New York

Nahum Tevet, Untitled #5, 1972, paper, binder clips, twine, staples, plastic tape, masking tape, transparent tape, and wax pencil on glass, 17 1/4 × 19 3/4 × 1/2".

Nahum Tevet, Untitled #5, 1972, paper, binder clips, twine, staples, plastic tape, masking tape, transparent tape, and wax pencil on glass, 17 1/4 × 19 3/4 × 1/2".

Nahum Tevet

Nahum Tevet, Untitled #5, 1972, paper, binder clips, twine, staples, plastic tape, masking tape, transparent tape, and wax pencil on glass, 17 1/4 × 19 3/4 × 1/2".

Born on a kibbutz in 1946, Nahum Tevet was by his midtwenties an ascendant figure in Israeli art. This exhibition surveyed twenty-six of his works on glass—virtually the entirety of this subtle body of work—produced between 1972 and 1975. The informative catalogue by Thierry de Duve, the exhibition’s curator, explains that, in the forty years since their creation, a few of these works have been lost, a few repaired, while others are not on glass at all but rather are on Plexiglas.

To create the works, Tevet taped, pinned, clipped, or otherwise adhered translucent papers, cardboard rectangles, and an occasional postcard to the transparent grounds. His curious pencil drawings, kin to Dubuffet’s art brut markings, are also often part of the mix. In many cases, these layers are held in place by small binder clips, the fold-back handles of which are frequently tied together with lengths of knotted or bowed twine or wire—surrogate lines—thereby allowing the works to hang from a wall and not just sit on a shelf.

Since the glass surface allows for the tape, or paper, or stray notepad markings to be viewed recto and verso, the blanched color of the wall here contributed to an errant sense of Cubist collage, an effect that counters the cat’s cradle of the loosely geometric shapes delineated by the wire or cord. The works are small mixed-media events, tentative, emotive assemblages embodied by “meager” materials—dal in Hebrew—as the catalogue explains. In this way, the Minimalist impulse of the day—think Donald Judd or Carl Andre—was married to Robert Rauschenberg’s smaller Combines of the early 1950s.
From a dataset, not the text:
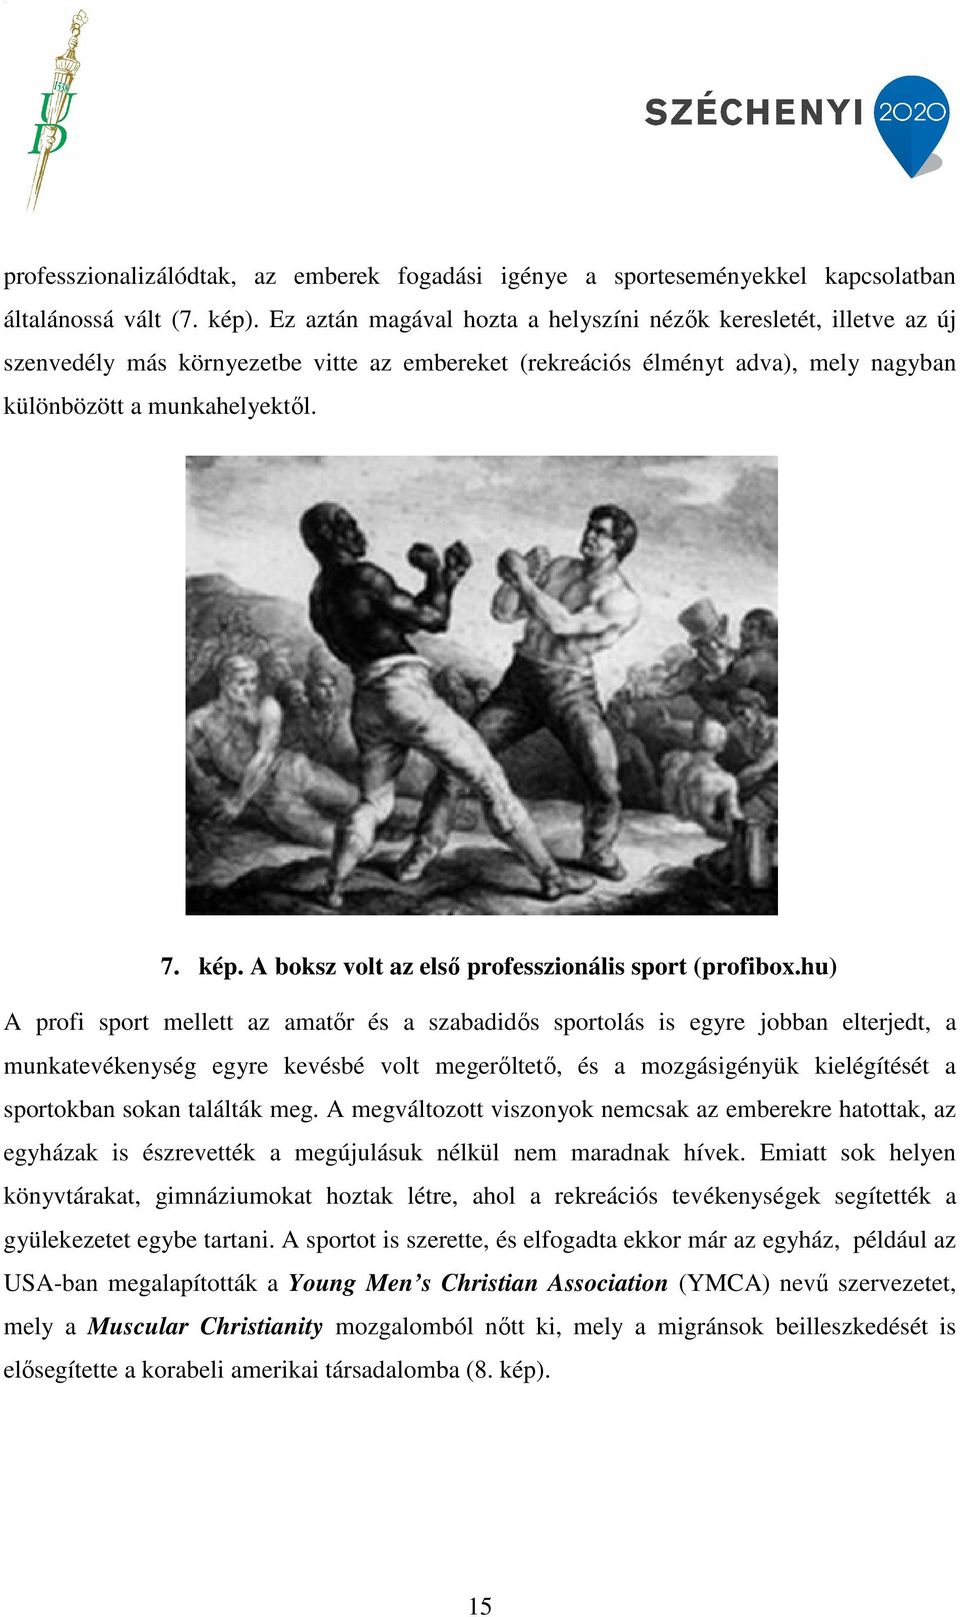 A boksz volt az első professzionális sport (profibox.

In fact, one can find a similar attitude obtaining to work made by the Arte Povera artists in Italy, just as it resounds throughout the efforts of a number of post-Minimalist Americans, among them Dorothea Rockburne and Mel Bochner. It is therefore of no scant importance that several Israeli artists of this sensibility were also living and working in New York City, either as long-term binationals or on extended fellowships. Tevet himself eventually joined the American ranks, arriving here in 1979.

By coincidence, Rauschenberg was in Jerusalem in 1974, preparing an exhibition for the Israel Museum. Encountering Tevet’s work in a gallery, he acquired several of the glasses included in the present exhibition. At that moment, the Yom Kippur War had just ended. Tevet served in that conflict, and this wartime experience may have spurred certain changes in his art: his move to somewhat larger, more distinctly rectangular sheets of Plexiglas and his introduction of a generative new figure derived from the circle. After all, it is not solely the dialectics of modernism—the famed formalist triad: thesis, antithesis, synthesis—that transforms style.
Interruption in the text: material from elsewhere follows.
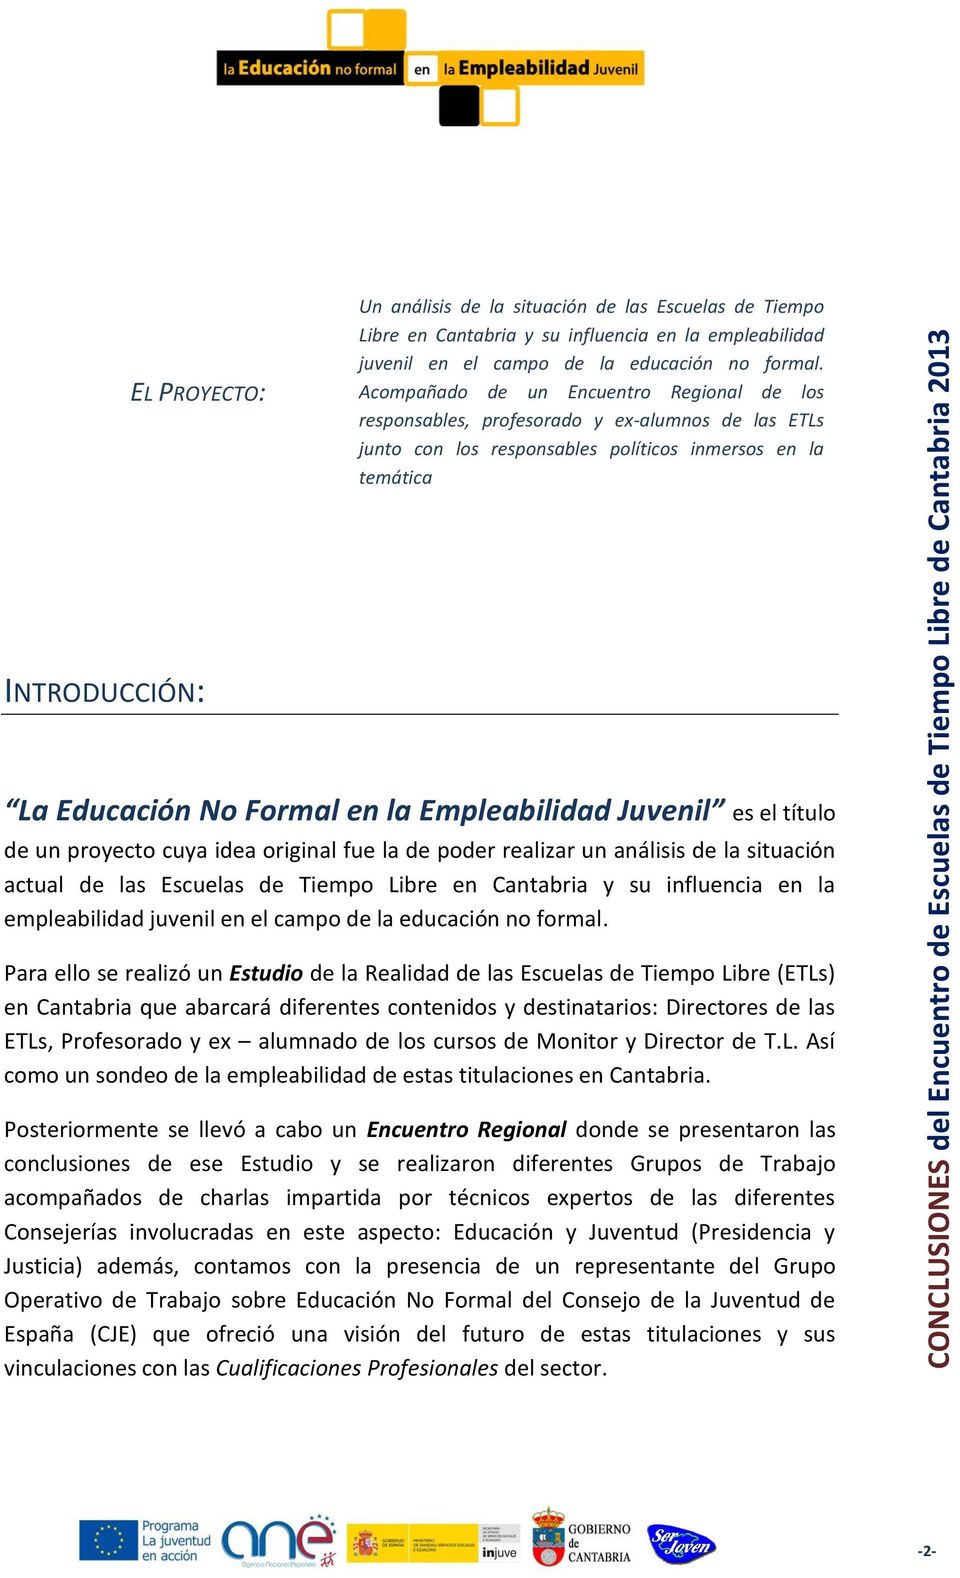 Empleabilidad Juvenil es el título de un proyecto cuya idea original fue la de poder realizar un análisis de la situación actual de las Escuelas de Tiempo Libre en Cantabria y su influencia en la

By the mid-’70s, Tevet occupied a secure niche within an extraordinary generation of Israeli artists—Joshua Neustein, Benni Efrat, Buky Schwartz, among many others. Heirs to the Ofakim Hadashim (New Horizons), a group of utopian abstractionists who arrived in Israel during the Palestine mandate, these artists generally rejected the illustrative imagery still typical of a broad reach of modern Israeli art: pictures of stalwart collectivist chalutzim and kibbutzniks, ecstatic dancing Hassidim, Rembrandtish patriarchal rabbis. Though such provender surely nourishes a sense of national selfhood, for this younger generation of Israeli artists—particularly those born to survivors of an irremediable wound—a reverential sense of belonging could also be coded within the “actual poorness” of the modest, at-hand studio materials Tevet employed. And thus, with the passage of time, Tevet’s glass works—in their dal—played their role in contributing to a new, non-mimetic form of artistic embodiment of Israeli identity.